UTF-8 is the most-used Unicode encoding on the Internet. According to recent W3Techs statistics available at bit.ly/1UT5EBC, UTF-8 is used by 87 percent of all the Web sites it analyzed.

UTF-16 is basically the de facto standard encoding used by Windows Unicode-enabled APIs. UTF-16 is the “native” Unicode encoding in many other software systems, as well. For example, Qt, Java and the International Components for Unicode (ICU) library, just to name a few, use UTF-16 encoding to store Unicode strings.

UTF-16 uses 16-bit code units. Just like UTF-8, UTF-16 can encode all possible Unicode code points. However, while UTF-8 encodes each valid Unicode code point using one to four 8-bit byte units, UTF-16 is, in a way, simpler. In fact, Unicode code points are encoded in UTF-16 using just one or two 16-bit code units. However, having code units larger than a single byte implies endianness complications: in fact, there are both big-endian UTF-16 and little-endian UTF-16 (while there’s just one endian-neutral UTF-8 encoding).

Unicode defines a concept of plane as a continuous group of 65,536 (216) code points. The first plane is identified as plane 0 or Basic Multilingual Plane (BMP). Characters for almost all modern languages and many symbols are located in the BMP, and all these BMP characters are represented in UTF-16 using a single 16-bit code unit.

Supplementary characters are located in planes other than the BMP; they include pictographic symbols like Emoji and historic scripts like Egyptian hieroglyphs. These supplementary characters outside the BMP are encoded in UTF-16 using two 16-bit code units, also known as surrogate pairs.

The capital letter C (U+0043) is encoded in UTF-16 as a single 16-bit code unit 0x0043. The ideograph 学 (U+5B66) is encoded in UTF-16 as the single 16-bit code unit 0x5B66. For many Unicode characters there’s an immediate, direct correspondence between their code point “abstract” representation (such as U+5B66) and their associated UTF-16 encoding in hex (for example, the 0x5B66 16-bit word).

To have a little fun, let’s take a look at some pictographic symbols. The Unicode character “snowman” (U+2603, U+2603) is encoded in UTF-8 as the three-byte sequence: 0xE2 0x98 0x83; however, its UTF-16 encoding is the single 16-bit unit 0x2603. The Unicode character “beer mug” (U+1F37A, U+1F37A), which is located outside the BMP, is encoded in UTF-8 by the four-byte sequence 0xF0 0x9F 0x8D 0xBA. Its UTF-16 encoding instead uses two 16-bit code units, 0xD83C 0xDF7A, an example of a UTF-16 surrogate pair.
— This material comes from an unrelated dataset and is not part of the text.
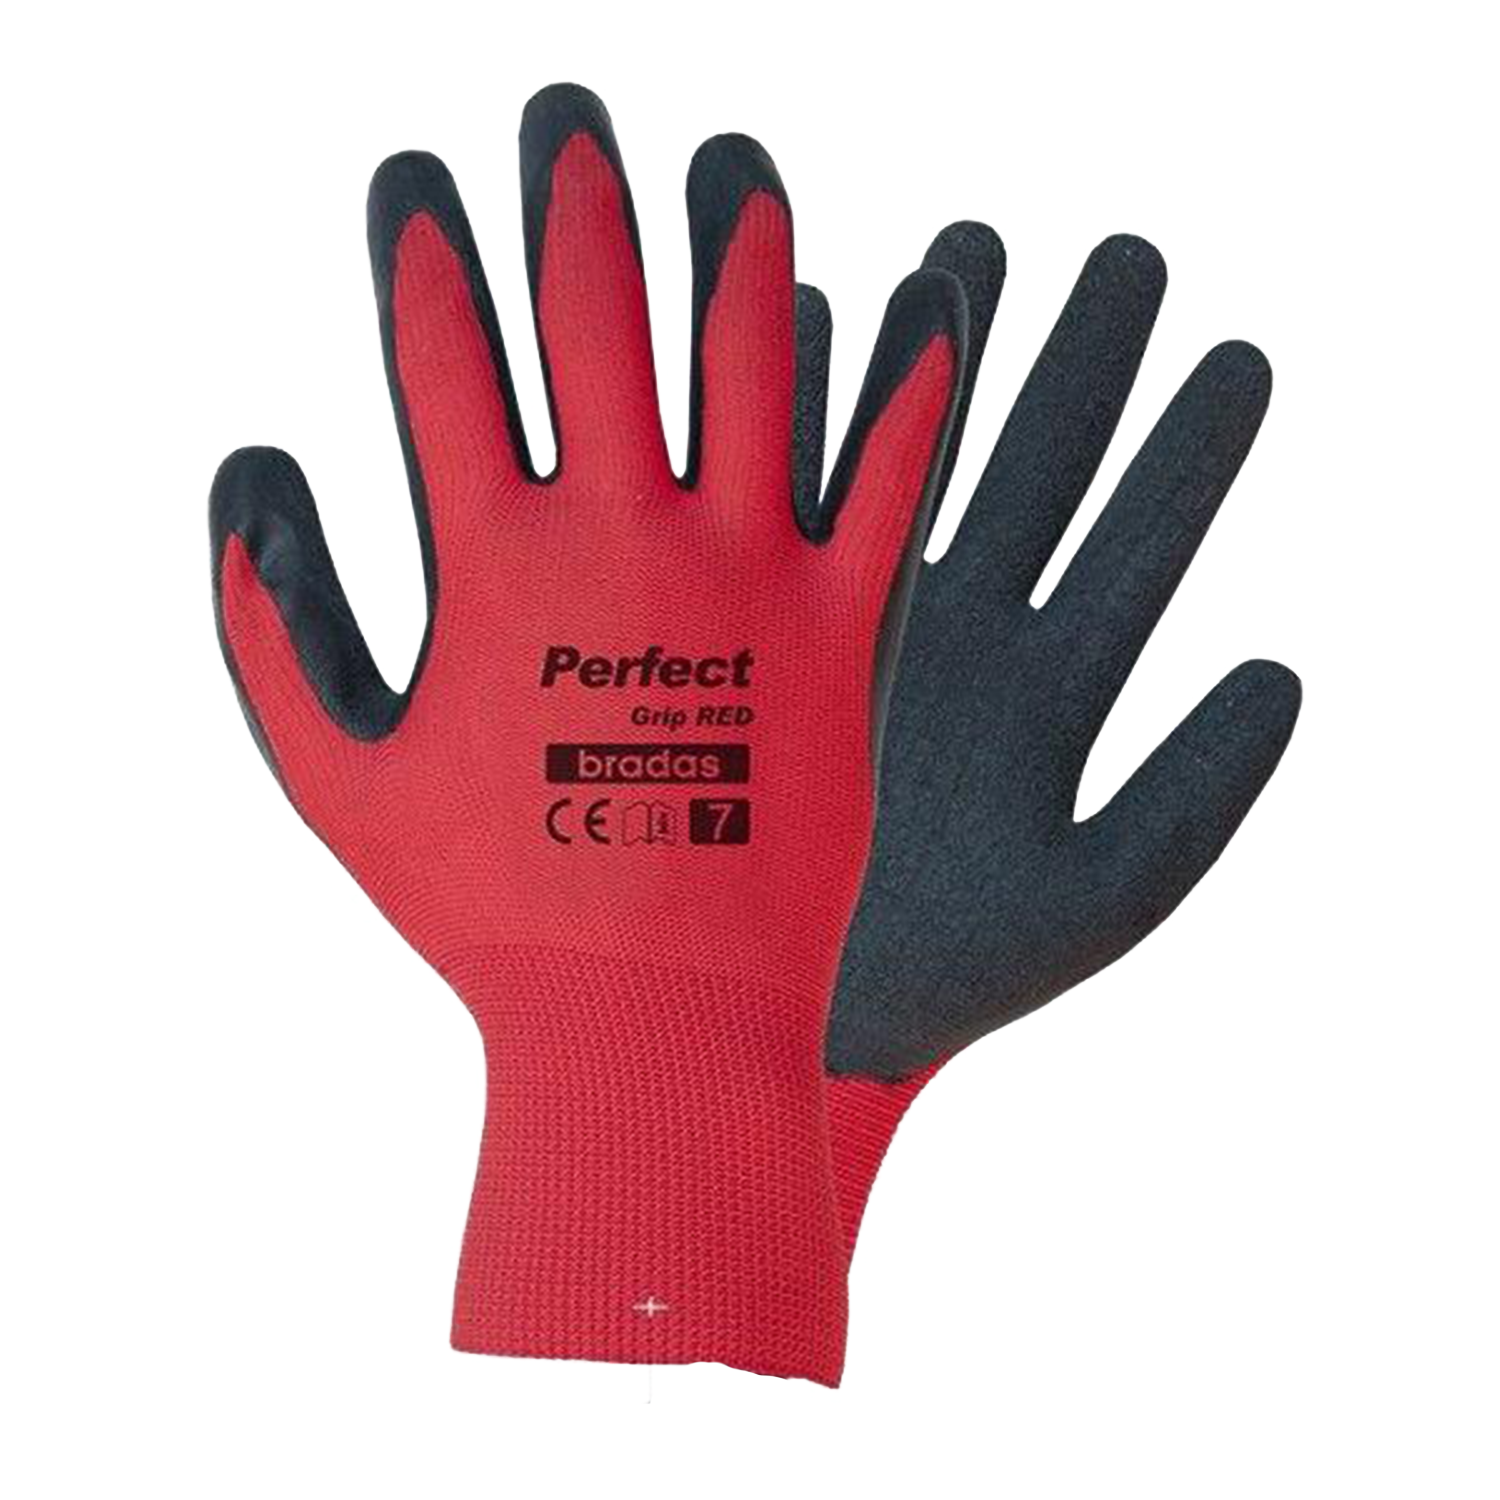 Garden gloves Perfect grip red, latex size 9

Converting Between UTF-8 and UTF-16 Using Win32 APIs

As discussed in the previous paragraphs, Unicode text is represented inside a computer’s memory using different bits, based on the particular Unicode encoding. Which encoding should you use? There isn’t a single answer to this question.

Recently, conventional wisdom seems to suggest that a good approach consists of storing Unicode text encoded in UTF-8 in instances of the std::string class in cross-platform C++ code. Moreover, there’s general agreement that UTF-8 is the encoding of choice for exchanging text across application boundaries and across different machines. The fact that UTF-8 is an endian-neutral format plays an important role in this. In any case, conversions between UTF-8 and UTF-16 are required at least at the Win32 API boundary, because Windows Unicode-enabled APIs use UTF-16 as their native encoding.

Now let’s dive into some C++ code to implement these Unicode UTF-8/UTF-16 encoding conversions. There are two key Win32 APIs that can be used for this purpose: MultiByteToWideChar and its symmetric WideCharToMultiByte. The former can be invoked to convert from UTF-8 (“multi-byte” string in the specific API terminology) to UTF-16 (“wide char” string); the latter can be used for the opposite. Because these Win32 functions have similar interfaces and usage patterns, I’ll focus only on MultiByteToWideChar in this article, but I have included C++-compilable code that uses the other API as part of this article’s download.

Using Standard STL String Classes to Store Unicode Text Because this is a C++ article, there’s a valid expectation of storing Unicode text in some sort of string class. So, the question now becomes: What kind of C++ string classes can be used to store Unicode text? The answer is based on the particular encoding used for the Unicode text. If UTF-8 encoding is used, because it’s based on 8-bit code units, a simple char can be used to represent each of these code units in C++. In this case the STL std::string class, which is char-based, is a good option to store UTF-8-encoded Unicode text.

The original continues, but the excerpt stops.